F17 can be installed (slowly) using the text mode installer w/ 512MB and swap.
Once installed F17/x86_64 + XFCE + Chrome requires ~300-350MB.
On the same machine, Windows 7 x64 ate ~850MB w/ Avast AV and *no* browser. *
– Gilboa
* Both installed on an Asus 1201N w/ 2GB RAM and nVidia binary drivers.
Fedora isn’t exactly the ‘light weight’ Linux distribution, but that’s still insanity for the text-mode installer to require that much memory.
I was recently attempting to install Bohdi Linux on a Pentium 2 300Mhz with 256Mb of RAM. It booted up, but then would crash after a few seconds, so I never could quite get it installed. But it did look pretty!
Anyone know off hand how much ram some of the other installers require? Graphical and Text Mode?
I don’t know exact amounts of RAM required for installs, but most modern Linux distros can install in graphical mode with 512MB of RAM or less. Last year as an experiment I installed openSUSE in a virtual machine with 256MB of RAM using the graphical installer. It was a bit slow, but it worked. Ubuntu’s text-based installer will work in less than 256MB of RAM and the graphical installer works with 512MB, though I’m not sure how low it can go. Over 512MB is high, even for a graphical installer.
Probably because Anaconda uses Python?
Yeah, I remember running into problems trying to install Fedora several versions ago in a virtual machine. My computer has only 1GB to begin with, so obviously the virtual machine can’t be allocated a whole lot. I don’t remember exactly what I did, but I think it went something along the lines of:
1. Get out of KDE, GNOME, Xfce or whatever else I was in at the time and start an Openbox session. With so little RAM and such obscene installation system requirements, I needed to free up as much memory as possible.
2. Increase the RAM in the virtual machine. Normally I only allocate 64 to 256 megabytes of RAM to virtual machines for the installation process, but this obviously had to be increased. I probably set it to use close to or more than half of the total RAM.

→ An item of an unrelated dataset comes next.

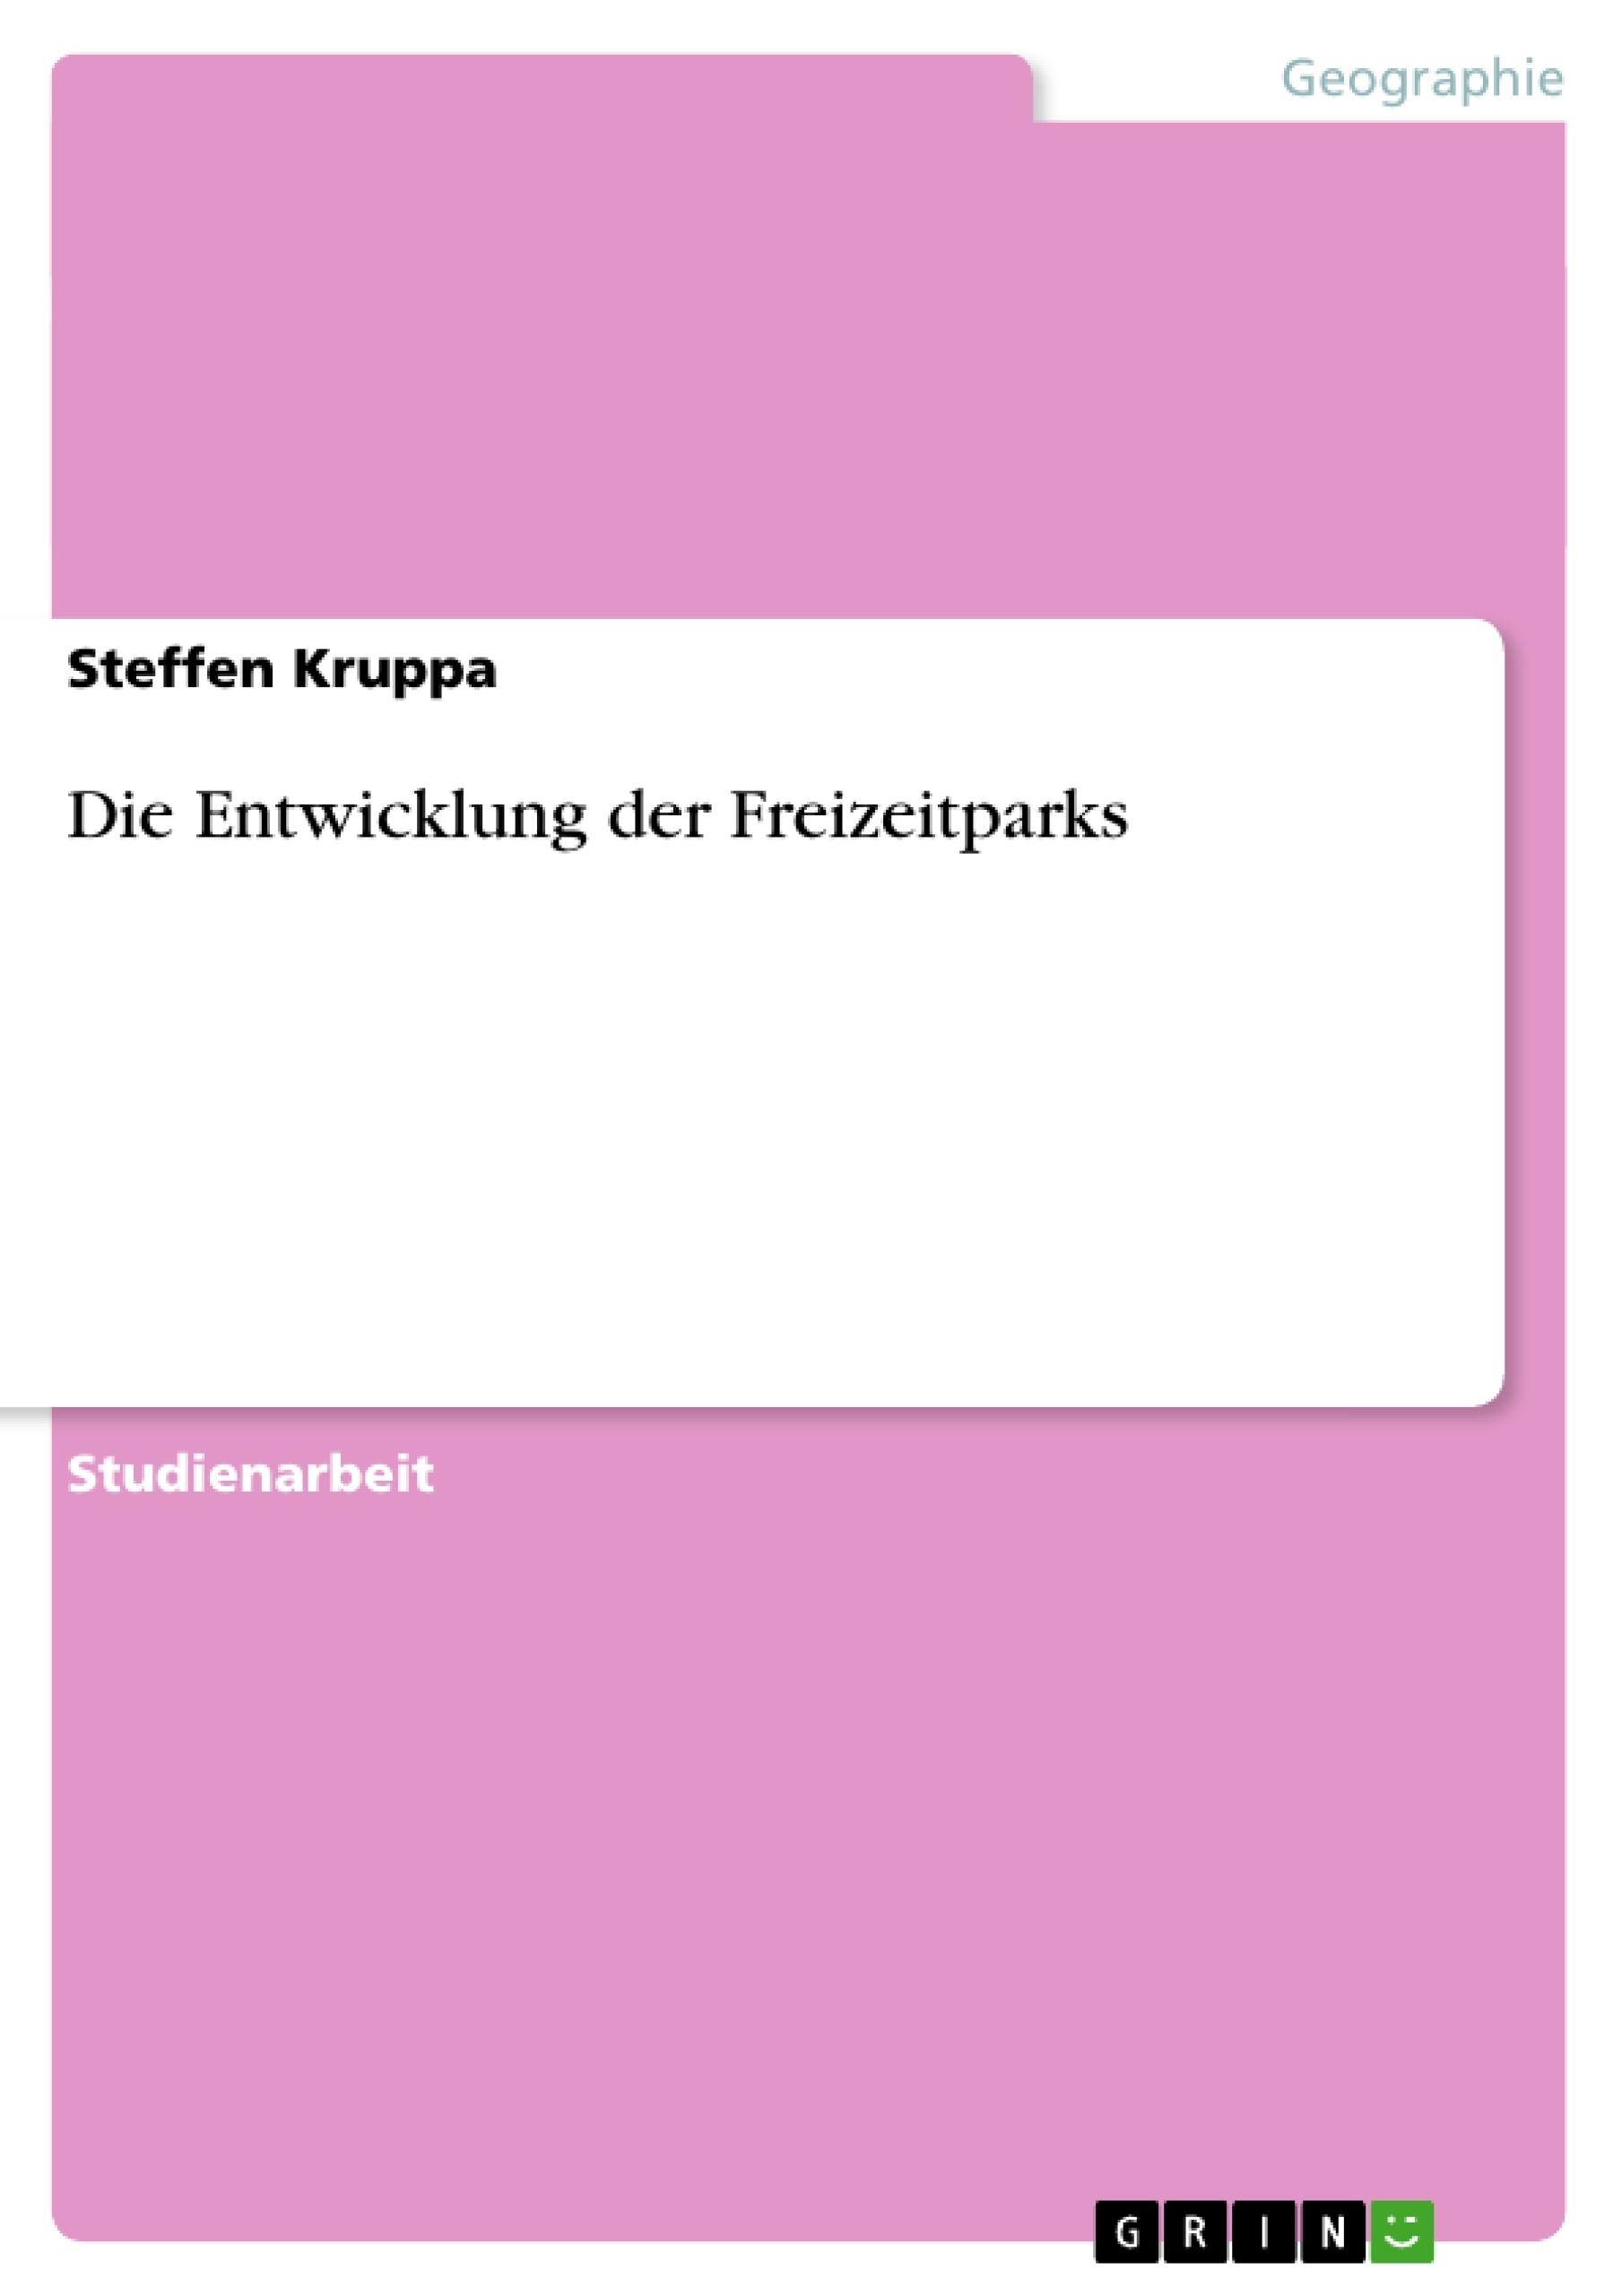 Titel: Die Entwicklung der Freizeitparks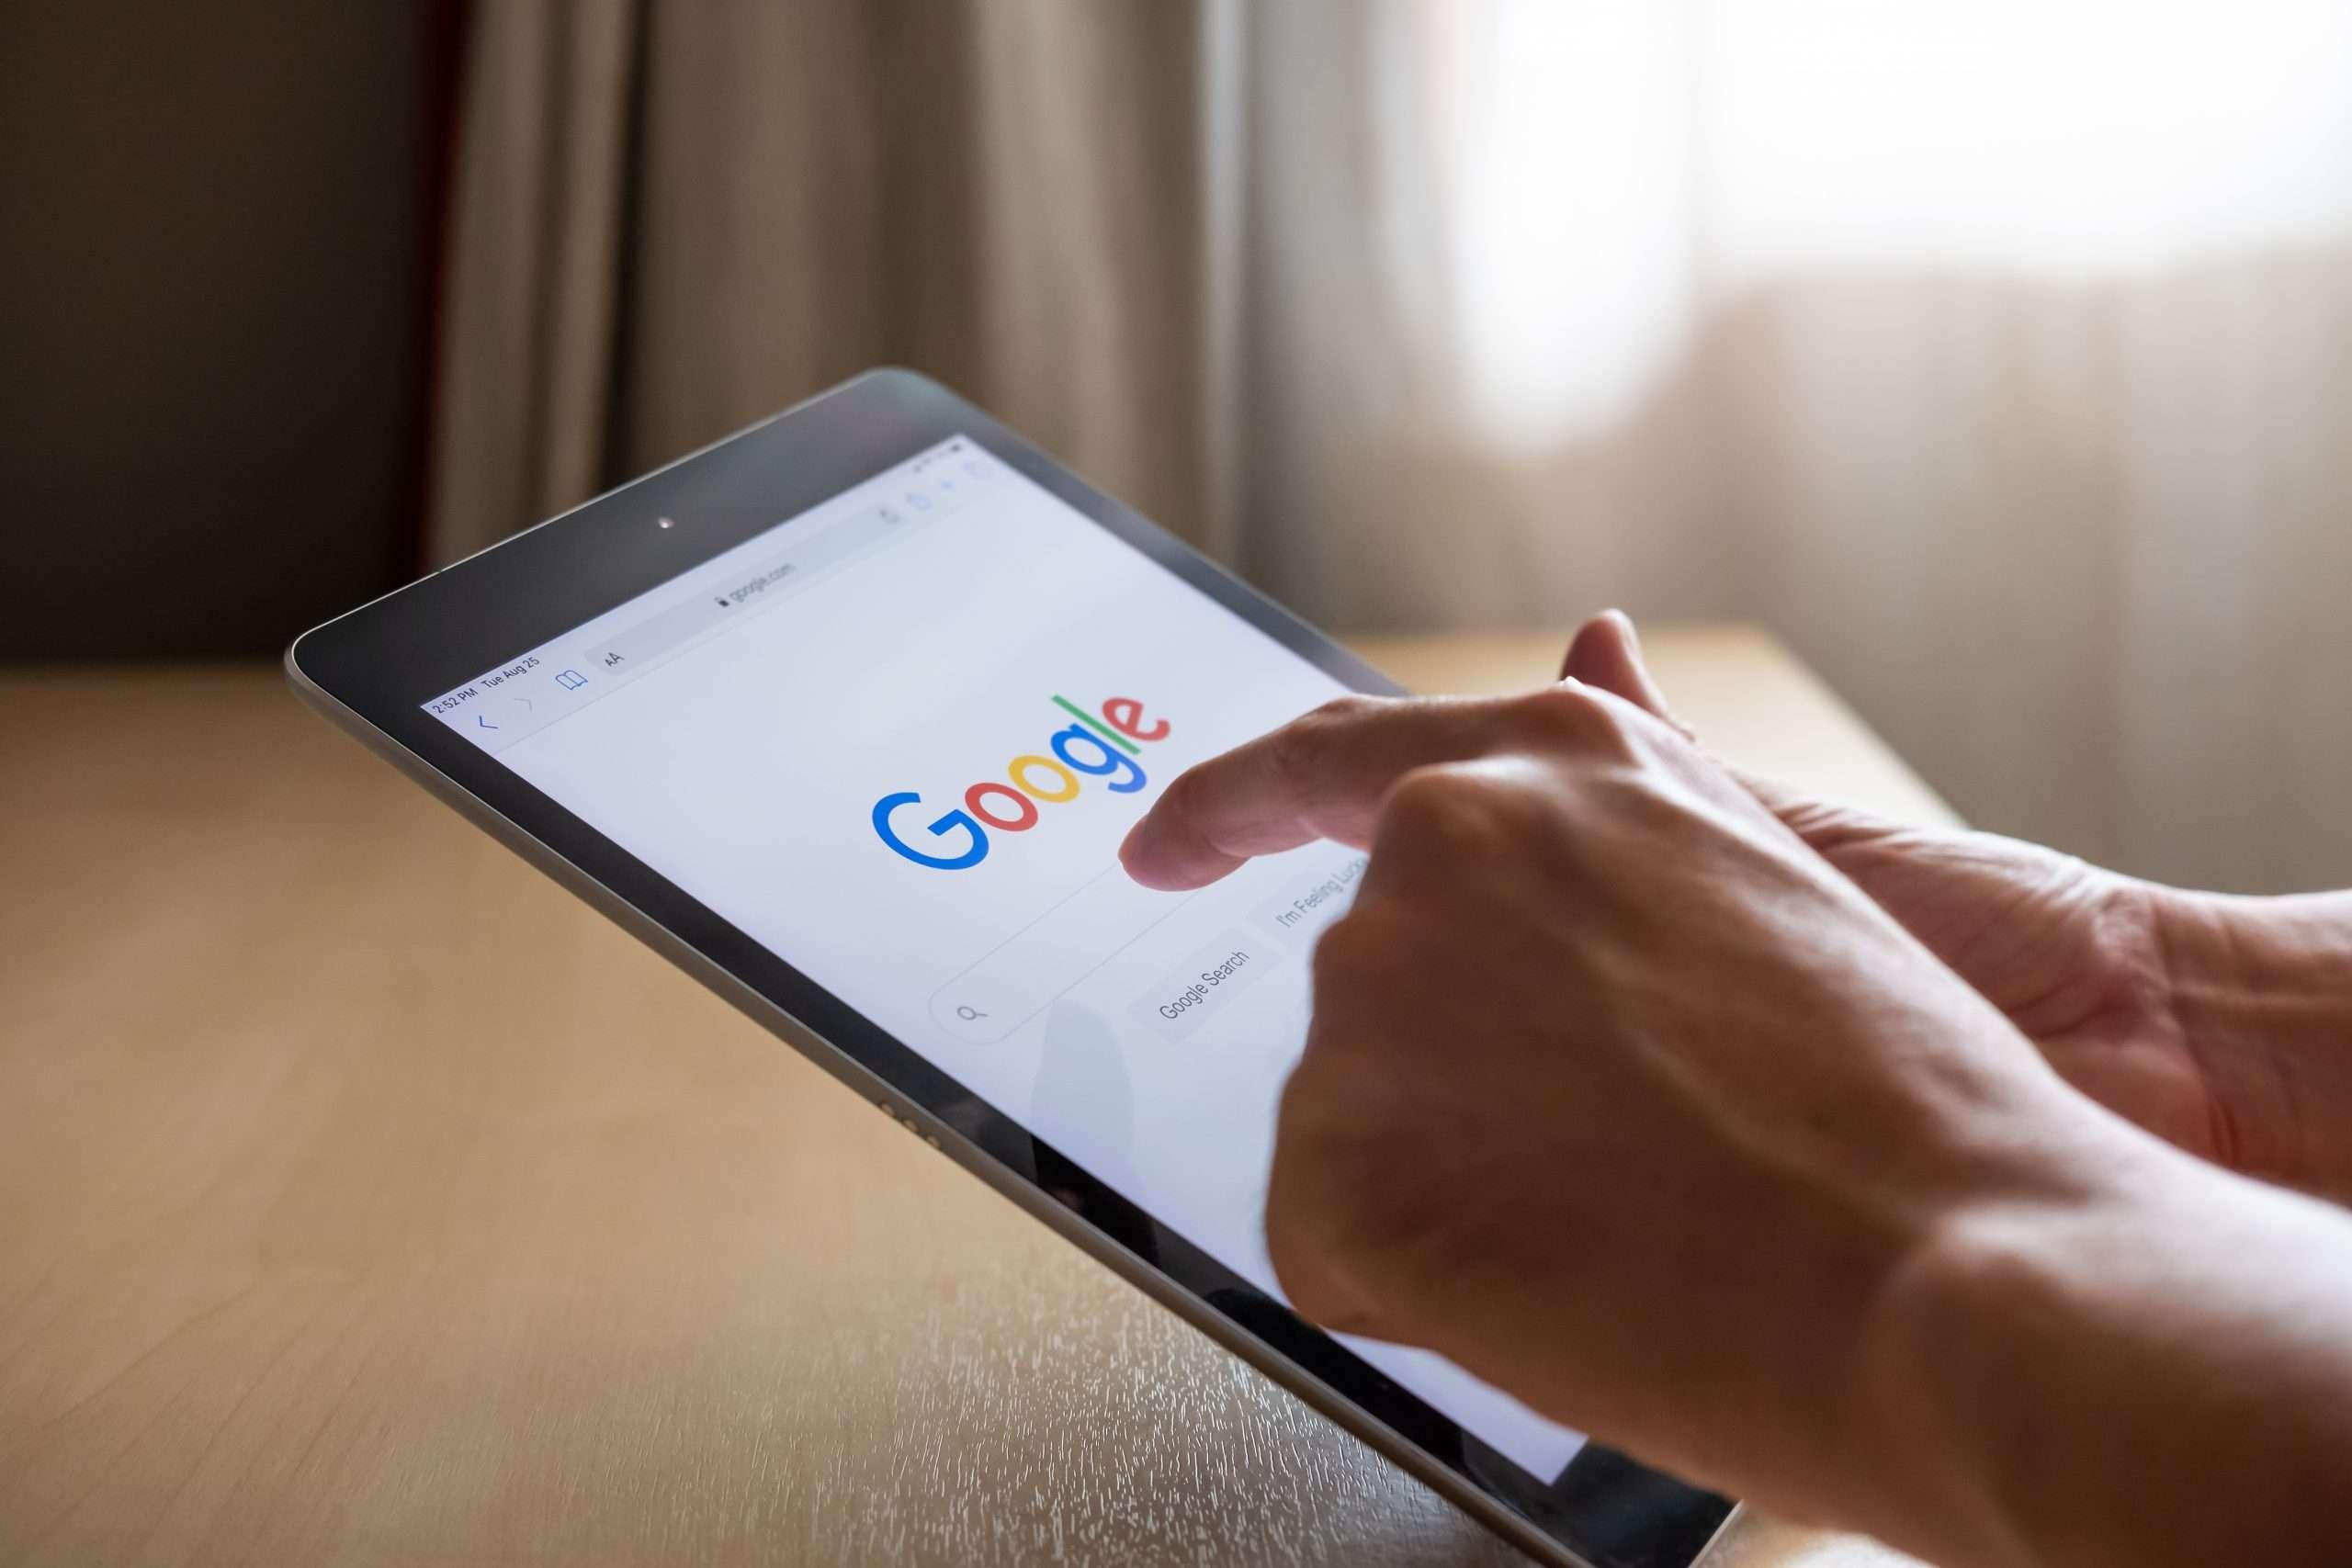 Google Image on Tablet

3. Boot Finnix in the virtual machine and create a swap partition with quite a bit of swap space. Once again, I don’t remember the exact amount, but whatever it was I probably set it based on the amount of allocated memory.
It’s insane just how much of a pig the Fedora installer is. I normally prefer text-based installers due to their simplicity, speed and light use of resources, but needless to say I was surprised by Fedora’s installer. It provided none of these features.